### SUPPLIED INFORMATION
**********

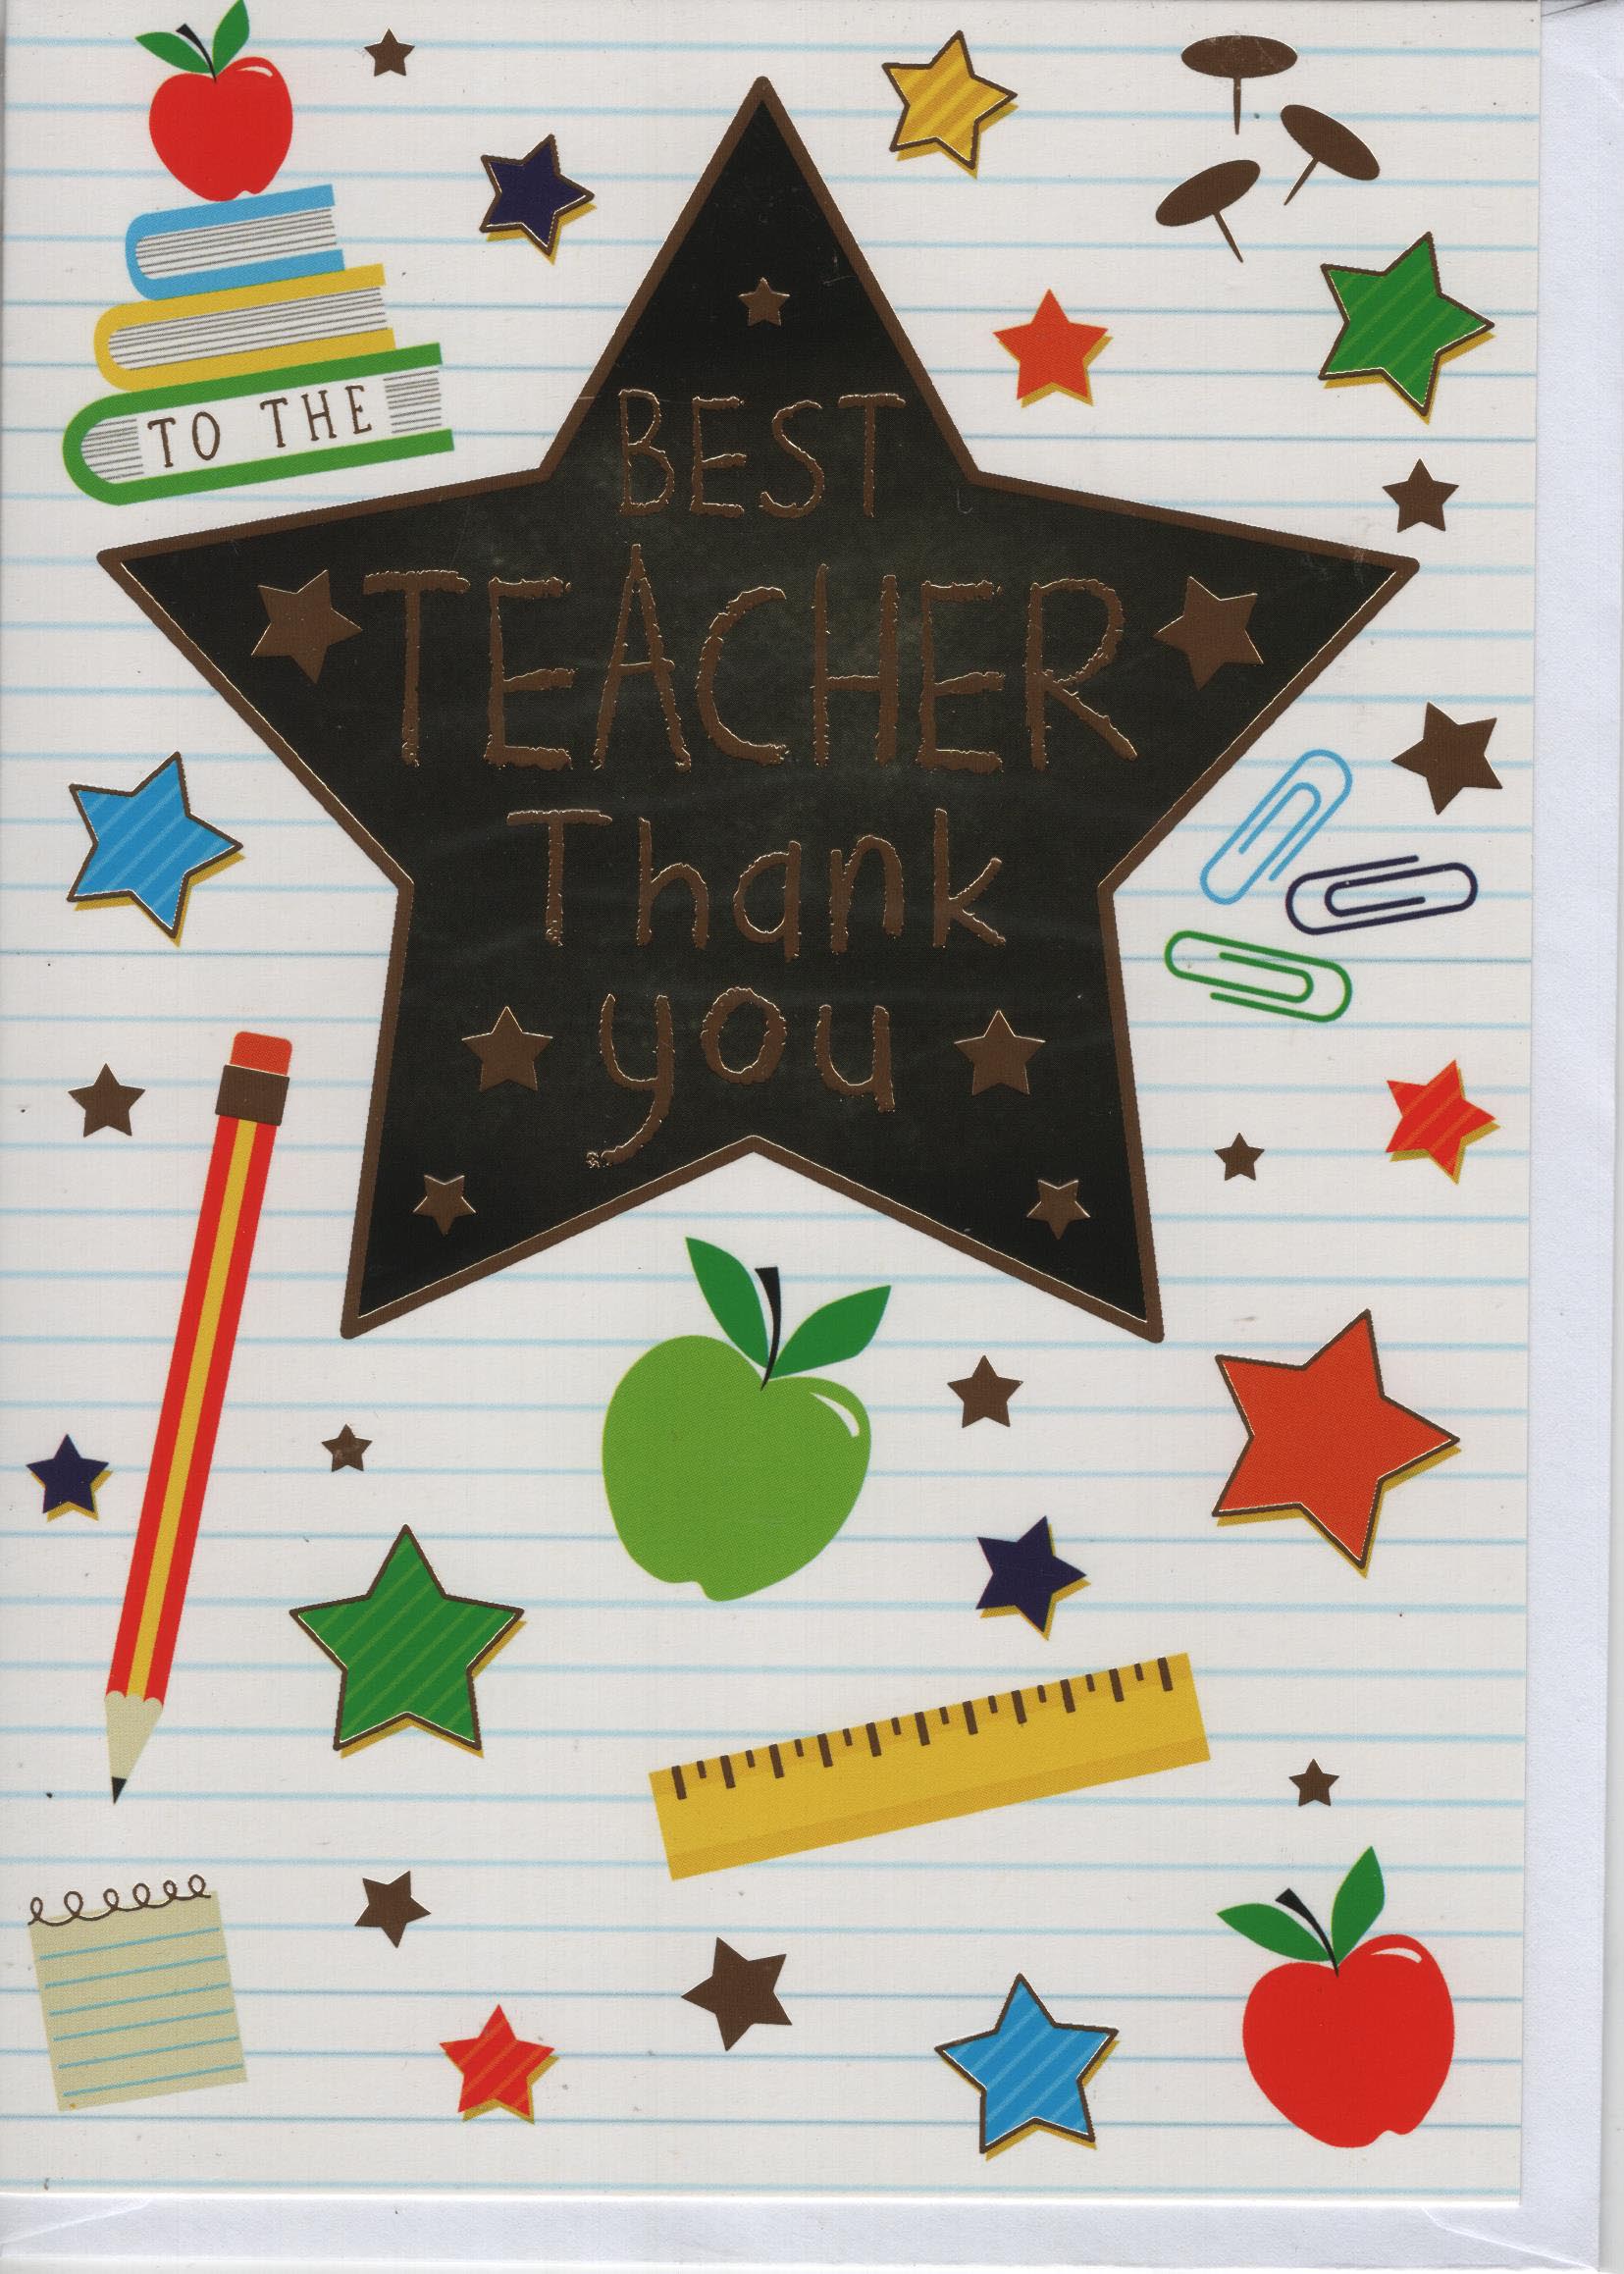 Best Teacher Thank You
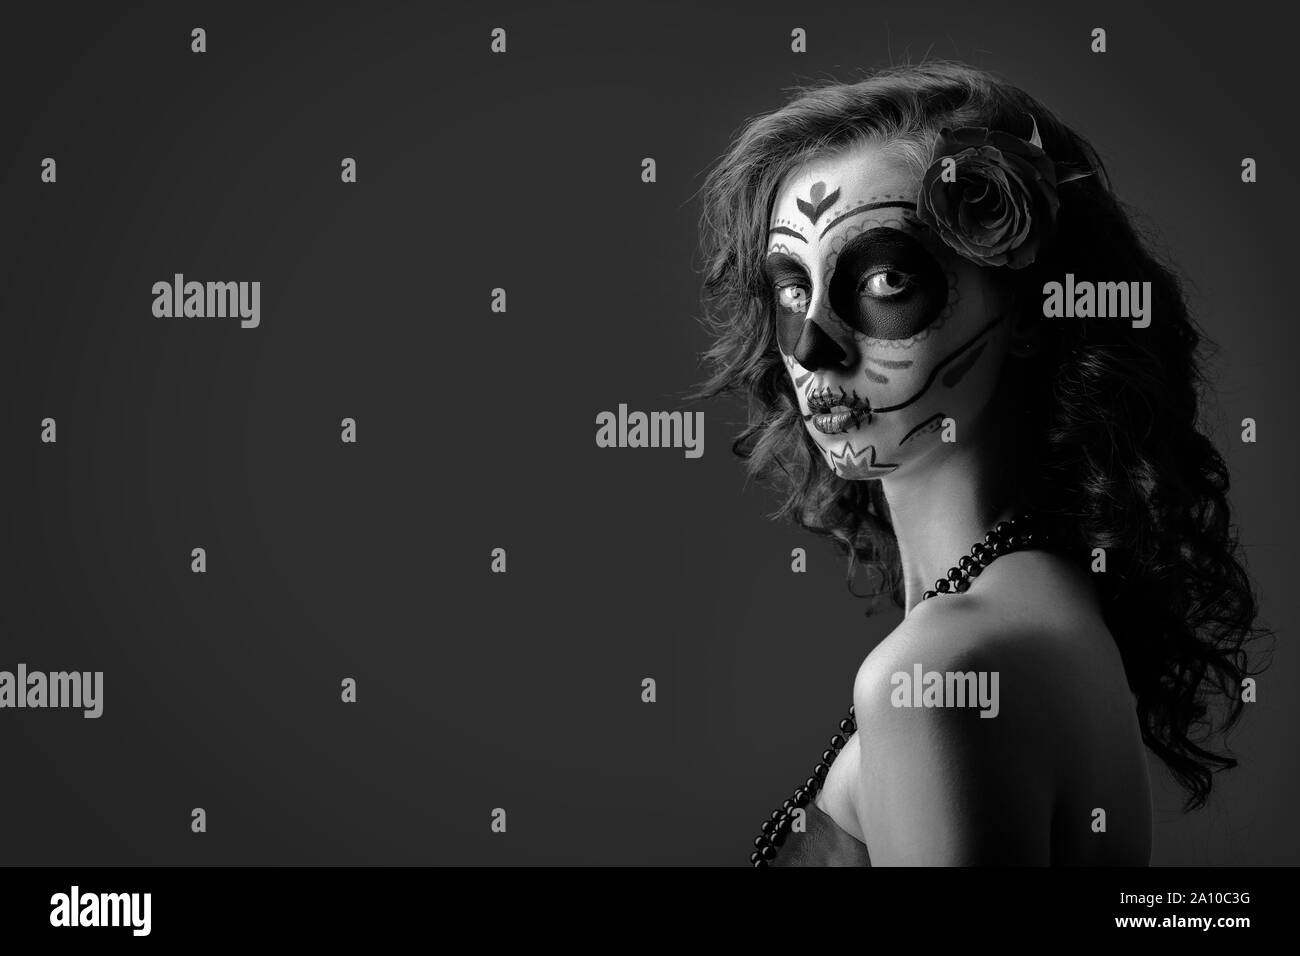 Jeune femme avec santa muerte maquillage sur fond sombre avec copie espace looking at camera, monochrome Banque D'Images
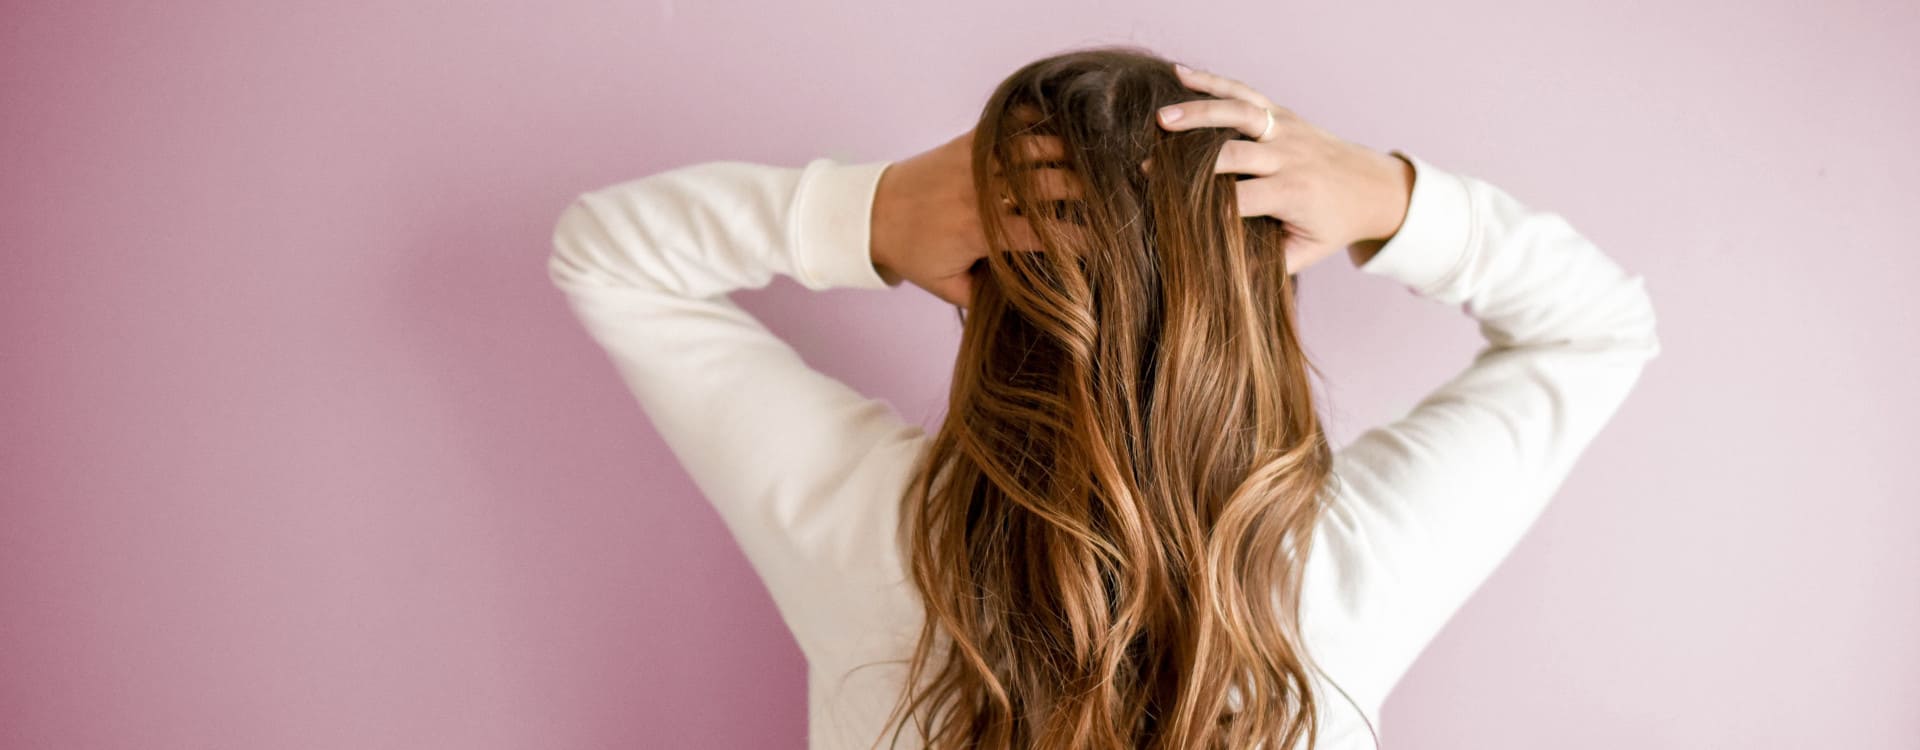 Come capire se la caduta dei capelli è normale? - Una donna di spalle e in piedi davanti a un muro rosa si tocca i capelli

**********

### TASK DIRECTIONS
Return the full listing above verbatim, please, but without its images.

### RESPONSE
 Best Teacher Thank You
 Jeune femme avec santa muerte maquillage sur fond sombre avec copie espace looking at camera, monochrome Banque D'Images
 Come capire se la caduta dei capelli è normale? - Una donna di spalle e in piedi davanti a un muro rosa si tocca i capelli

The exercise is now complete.